There is an inconsistency, it strikes us, between the charges of the bill, and the tender of the purchase money to Philips. The ground work of the charge of fraud, consists entirely of the alleged fact that the purchase money for this land was advanced, not by Philips, but by John W< Paulding, and that the land was entered by Philips with Paulding’s money, and for Paulding’s secret use. Why, then, offer to return the money to Philips? Upon what principle would the Court order a return of this money to Philips, if it in fact belonged to Paulding’s creditors? If, on the other hand, the money was the money of Philips, and the land was entered by Philips for his own use, then a Court of equity is called on to vacate the title of Philips, because of the fraud of Paulding.

But there are other objections to this bill apart from the difficulty just suggested. The interest which Paulding is represented to have had in this land, is a pre-emption right under the act of 1st June, 1840. What*214ever may be the character of this interest in other respects, it is not transferable, for so the act of congress expressly declares; neither is it subject to execution, (Hatfield vs. Wallace, 7 Mo. R. 114,) or within the statute of frauds which requires conveyances of land to be in writing. Clark vs. Shultz, 4 M. R. 235. An improvement upon public land may, however, be the subject of contract. The transfer of the possession itself, constitutes a valuable consideration. But the bill of complainant assumes that the improvement and pre-emption right passed by the deed of trust.

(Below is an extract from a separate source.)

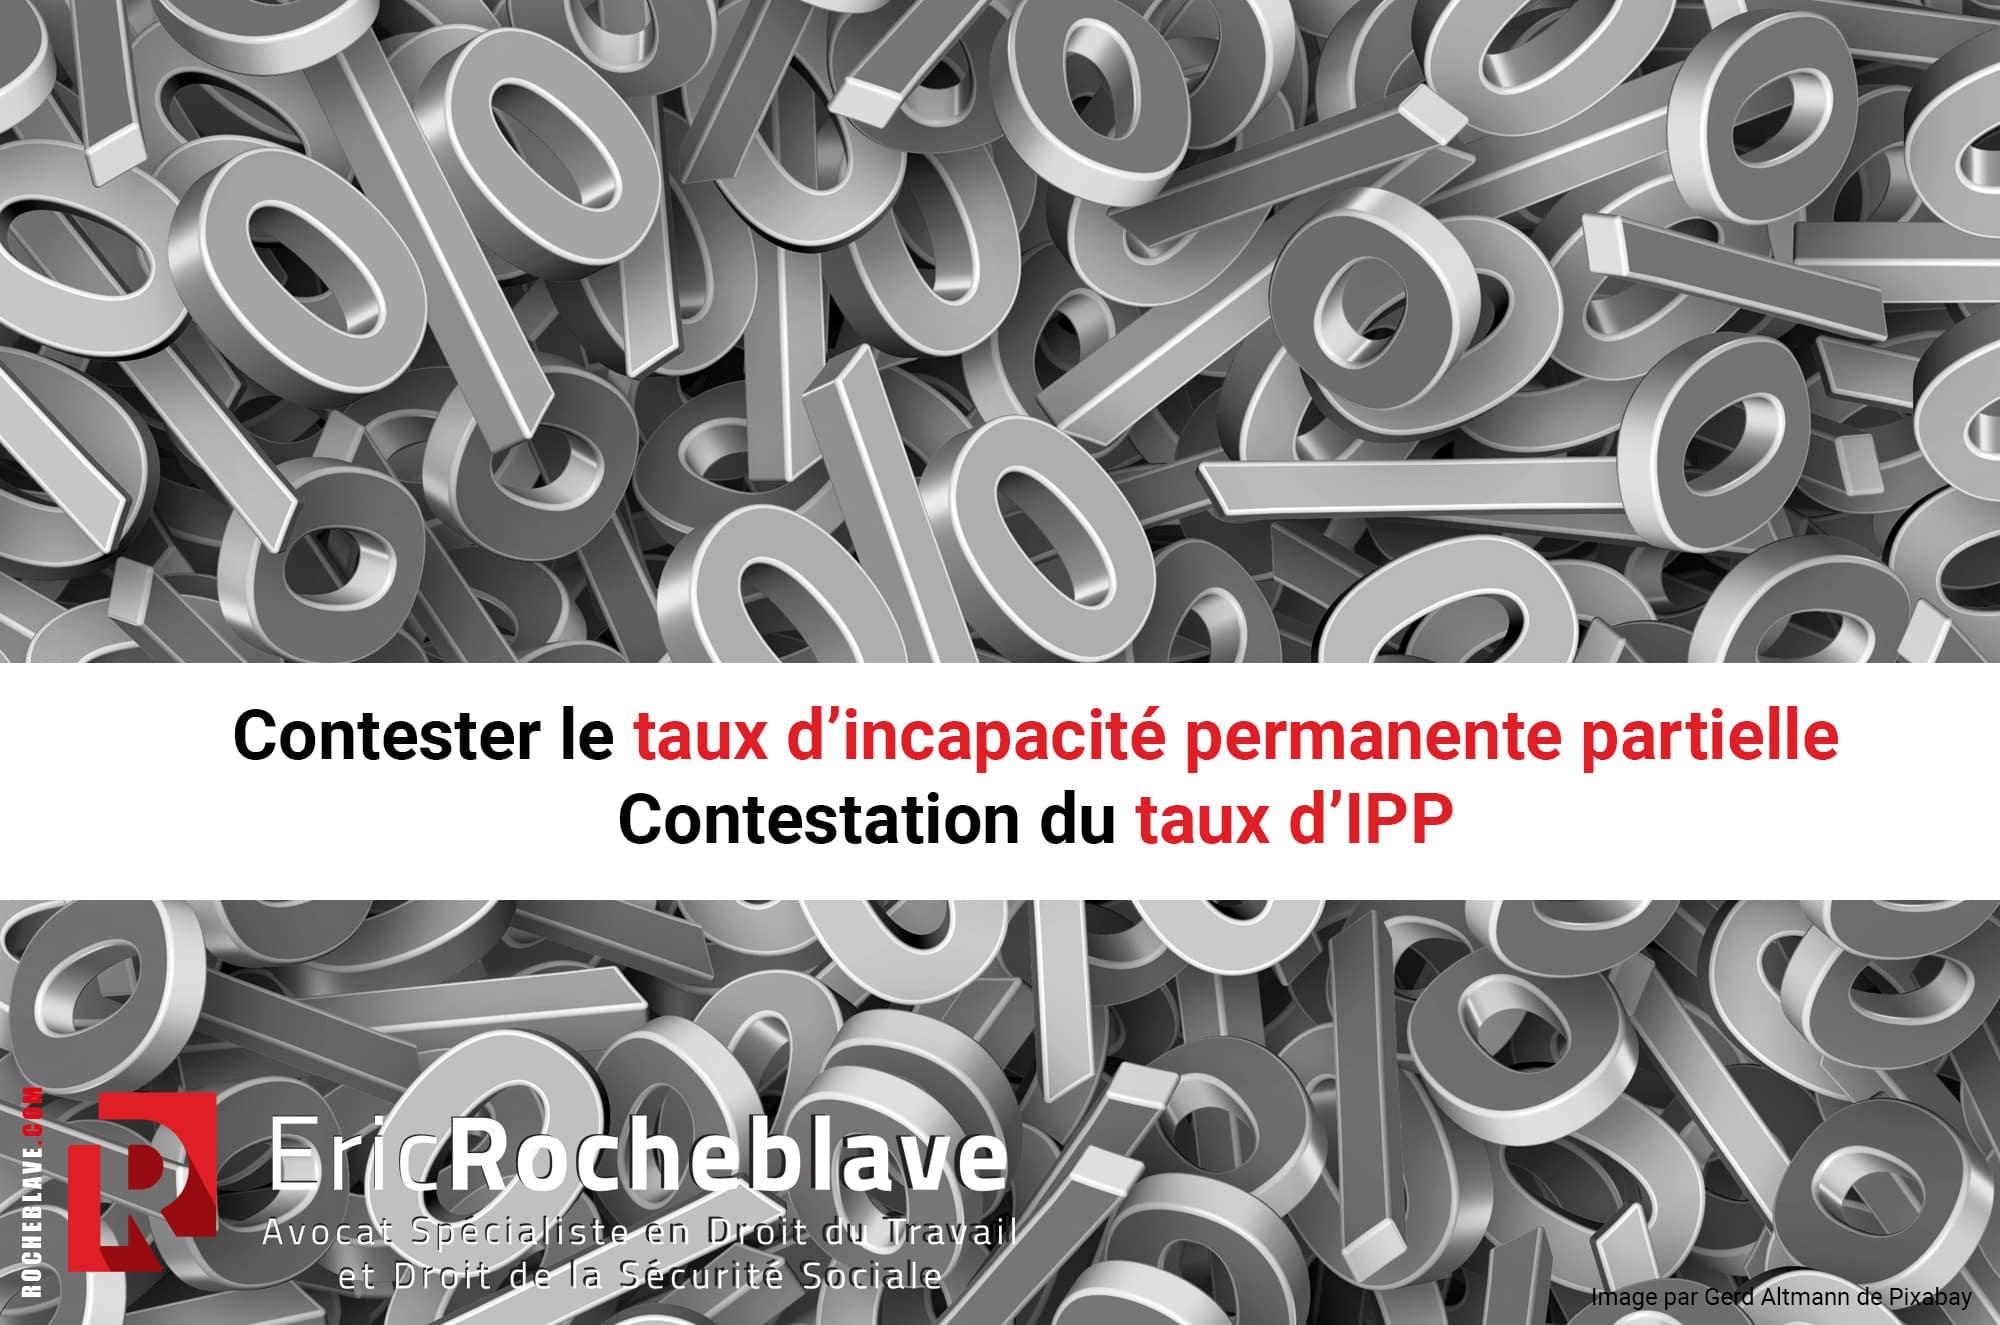 Contester le taux d'incapacité permanente partielle - Contestation du taux d'IPP
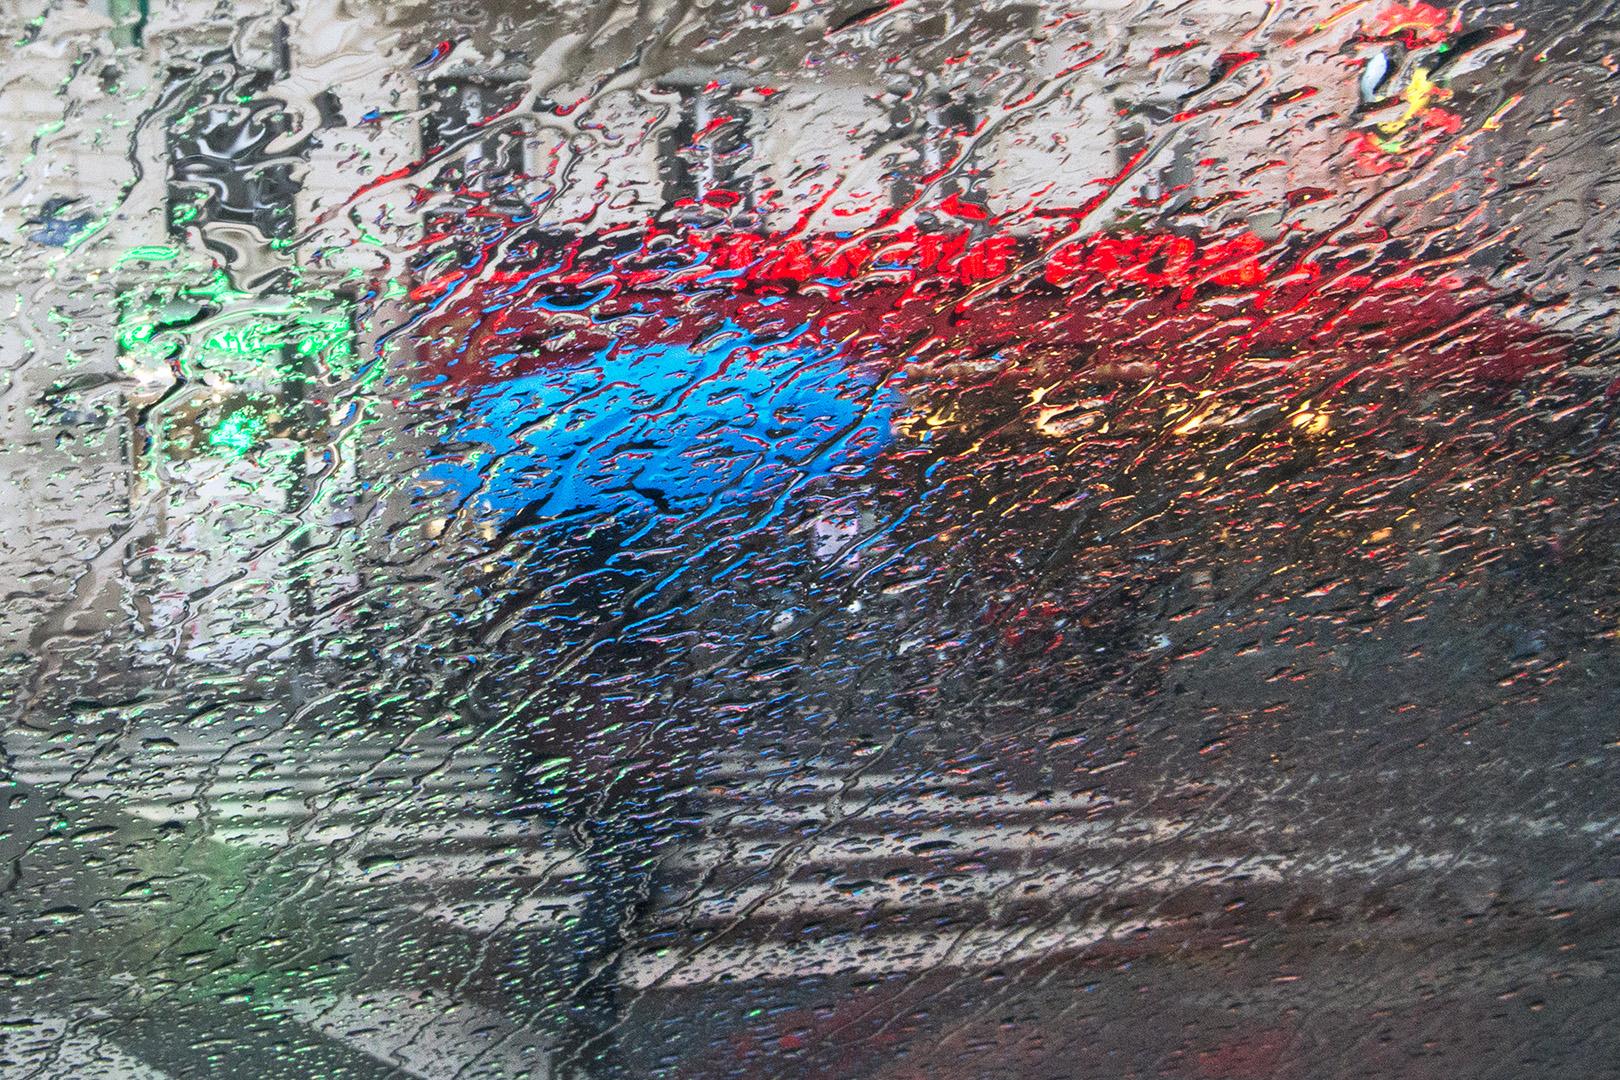 Sous une pluie abondante, le parapluie ressemble à une noix ou à un cerveau bleu. Harmonie en RVB

If it passed, it must have been under the general terms, “all the lands, tenements and hereditaments, and interest in the same,” of the said John W. Paulding. But here was no interest in the land whatsoever, so far as the mere improvement is concerned, apart from the pre-emption right, (which is not transferable,) and accordingly we find the quarter section, upon which this improvement existed, is not enumerated in the schedule accompanying the deed. If the improvement passed to Grimsley by the mere transfer of possession, Grimsley has gotten all he contracted for — and if Paulding afterwards entered the land it is clearly liable to his debts, but there is no reason why the complainant should be entitled to the benefit of this property more than any other creditor of Paulding. The deed of trust, which was executed to Grimsley, was one which gave preferences to certain creditors, and among others to Grimsley, but if the land in question was not transferred by this deed, Grimsley has no special lien upon it, and must take the same course to subject it to the payment of Paulding’s debts, which any other creditor, not preferred by the deed, must have done. The fraud, if any existed, such as is charged in this bill, may be detected and exposed, either in law or equity, and the land be levied on and sold to pay Paulding’s debts.

This is the aspect of the case presented by the bill, from which it will be perceived that the entry of the land by Philips, with Paulding’s money, and for Paulding’s secret use, constitutes apparently the main ground of appeal to the interference of the Court of equity. Yet the proposition to return the purchase money to Philips, with which the bill concludes, seems to be founded on the hope that if the fact turned out to be that the purchase money for this land was bona fide the money of Philips, and had not been advanced by Paulding, there would still be sufficient ground to authorize the interference of the Court. It is true that the bill is not in terms framed with this double aspect, but it must have been so construed by the chancellor in decreeing a return of the purchase money to Philips, and a conveyance of the land to Grimsley. This decree must assume, then, that the equitable title to this land was already in Grimsley, *215•the complainant, but, as we have already stated, this was not so. Indeed, if the complainant, Grimsley, had himself acquired a right of pre-emption, either by his own possession and cultivation, or by the transfer from Paulding, he has not taken the proper steps to make it available against Philips’ entry. In any view which we can take of this bill it was rightly demurred to, and the demurrer should have been sustained. The decree will, therefore, be reversed, and this Court doth -order and adjudge that the bill be dismissed.